Dataset content
================================

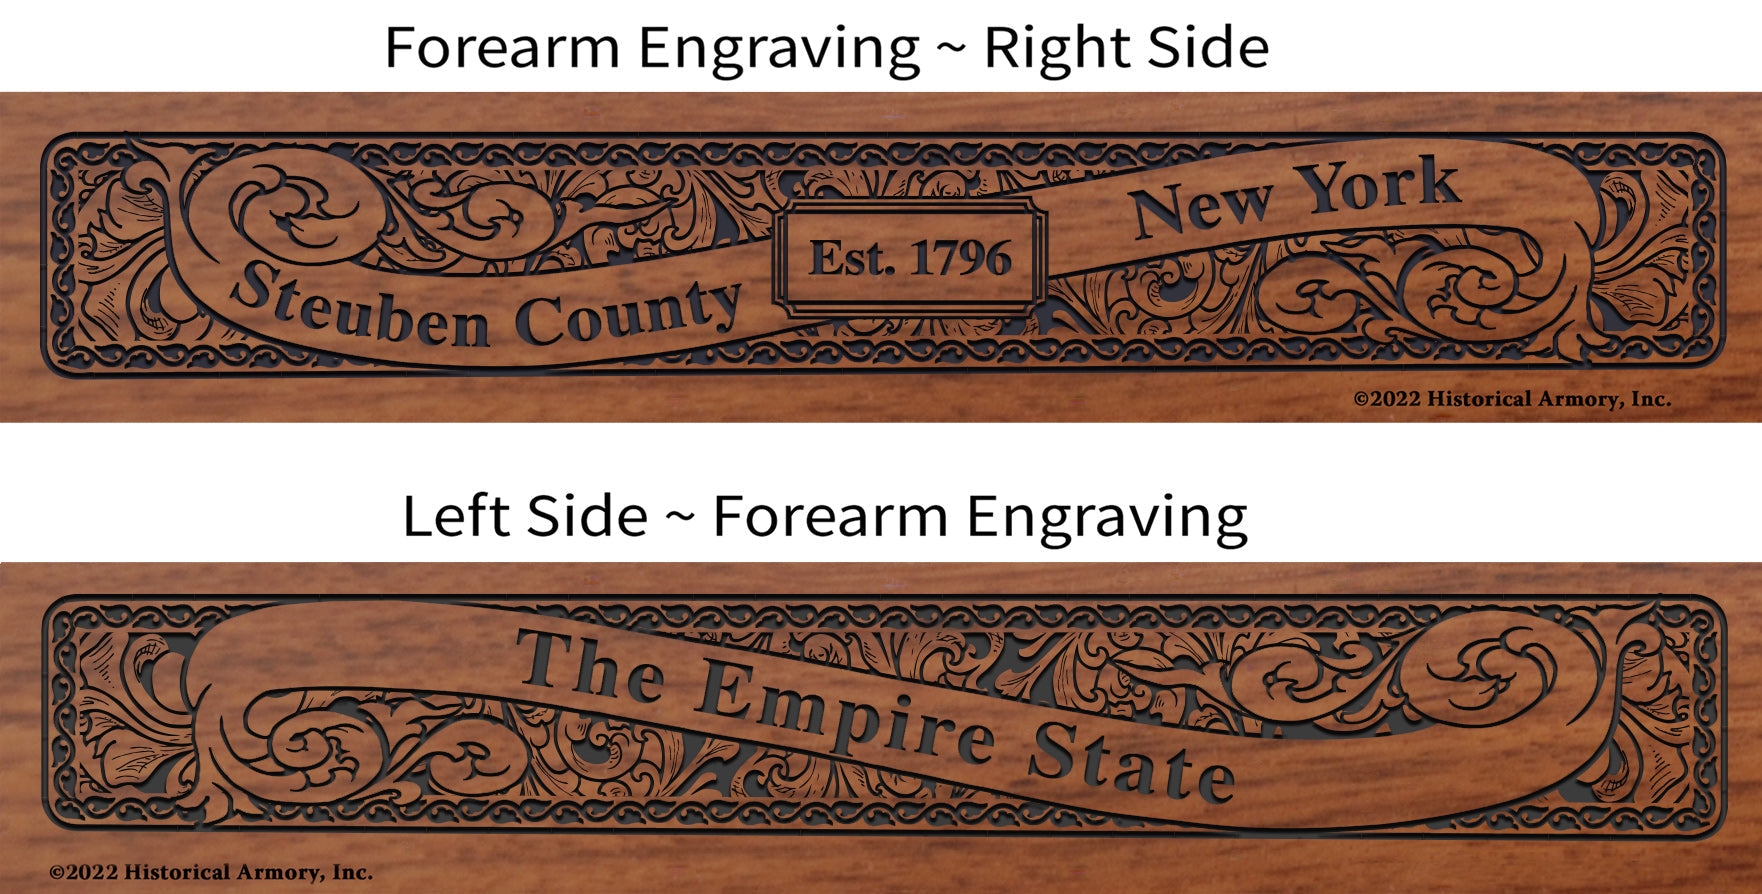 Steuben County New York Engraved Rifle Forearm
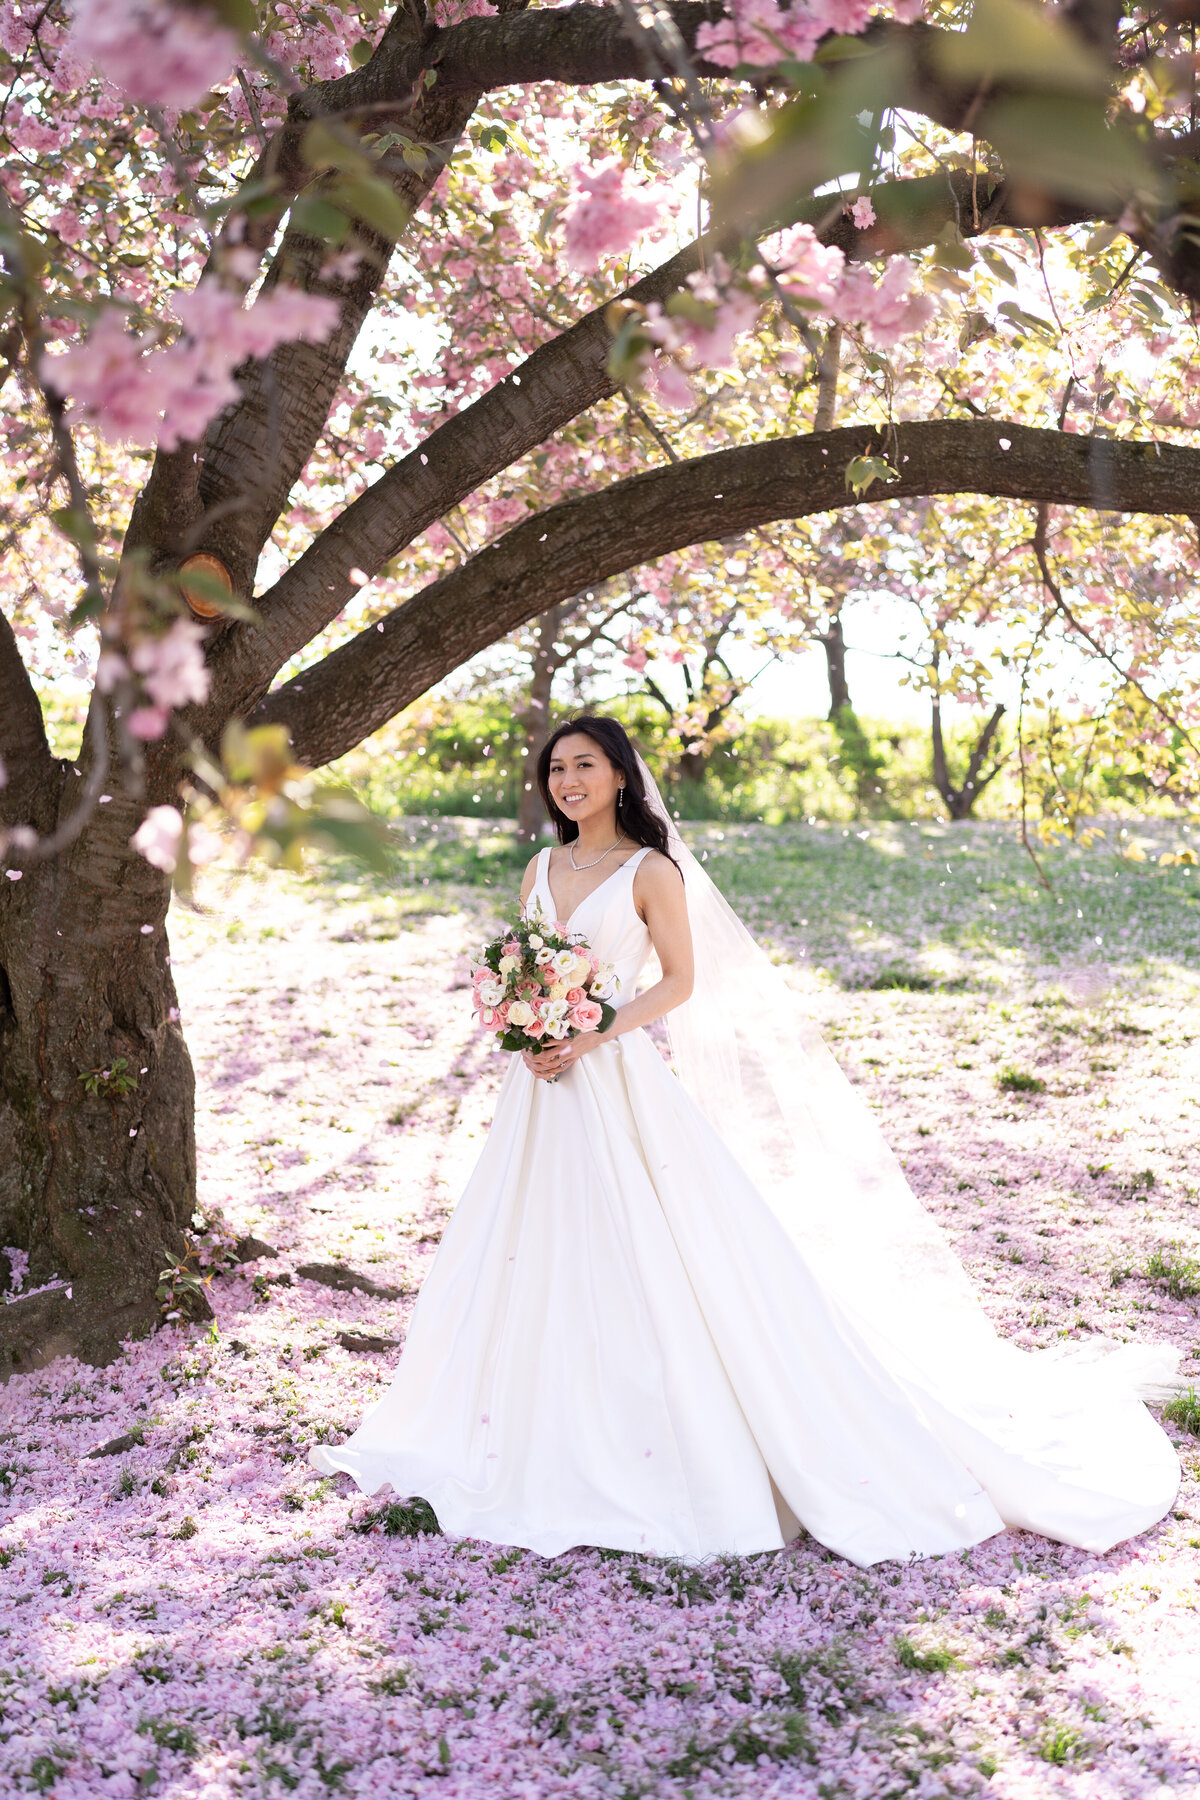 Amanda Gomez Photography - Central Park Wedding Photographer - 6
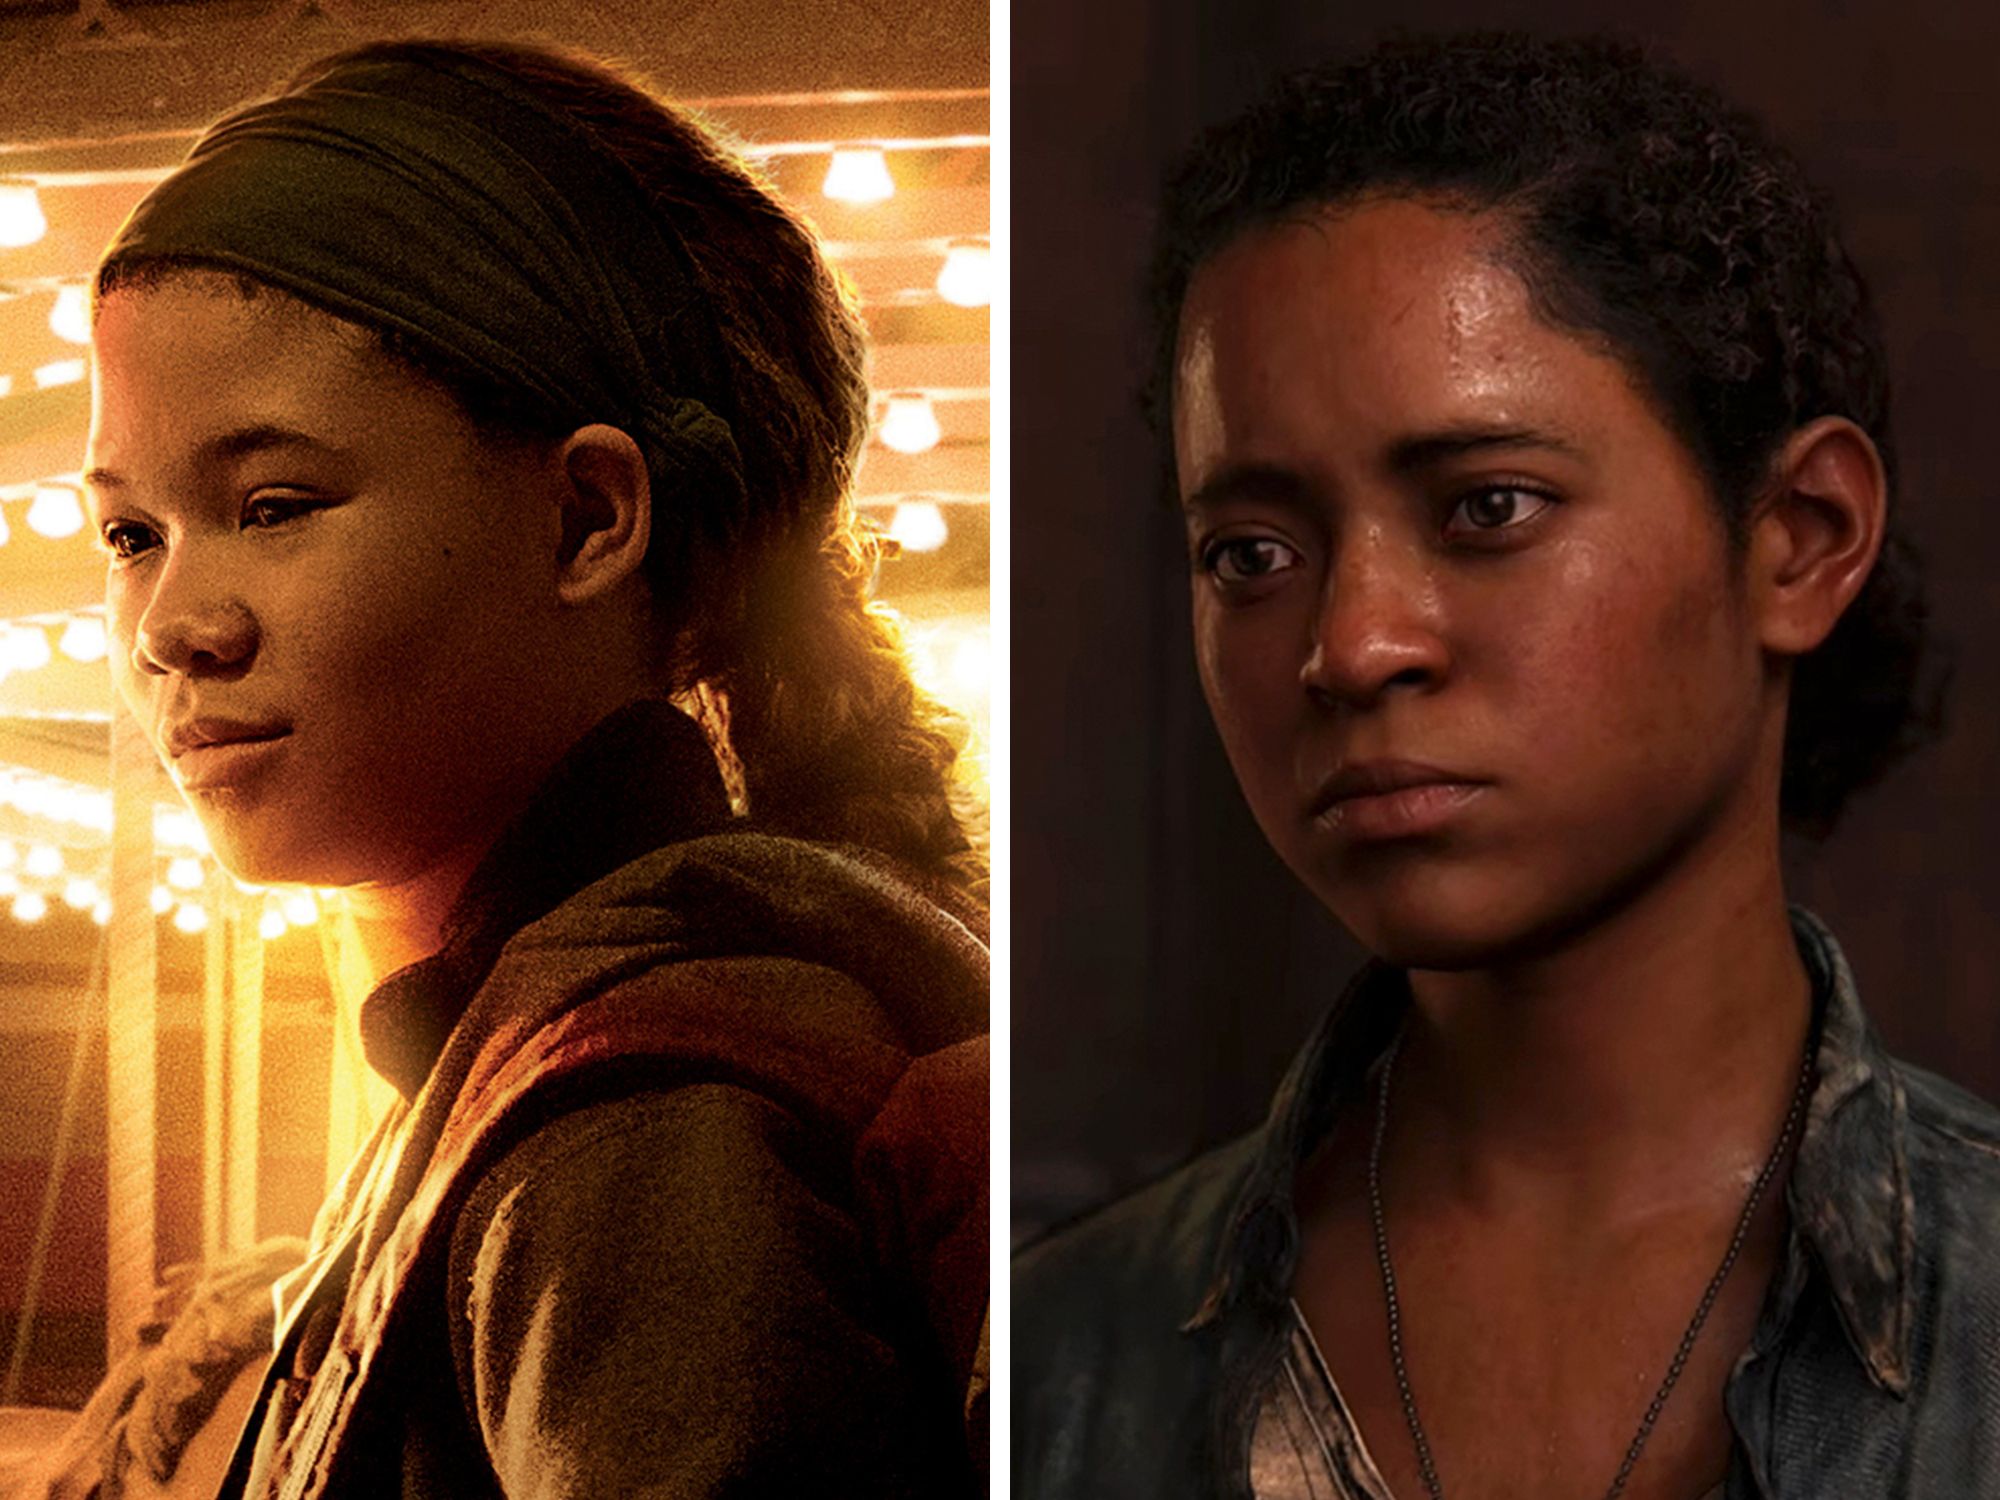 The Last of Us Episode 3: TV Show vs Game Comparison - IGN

================================

Your instructions
Each line of the material goes into your copy unchanged, but no picture does.

Response to the task
 Steuben County New York Engraved Rifle Forearm
 Amanda Gomez Photography - Central Park Wedding Photographer - 6
 The Last of Us Episode 3: TV Show vs Game Comparison - IGN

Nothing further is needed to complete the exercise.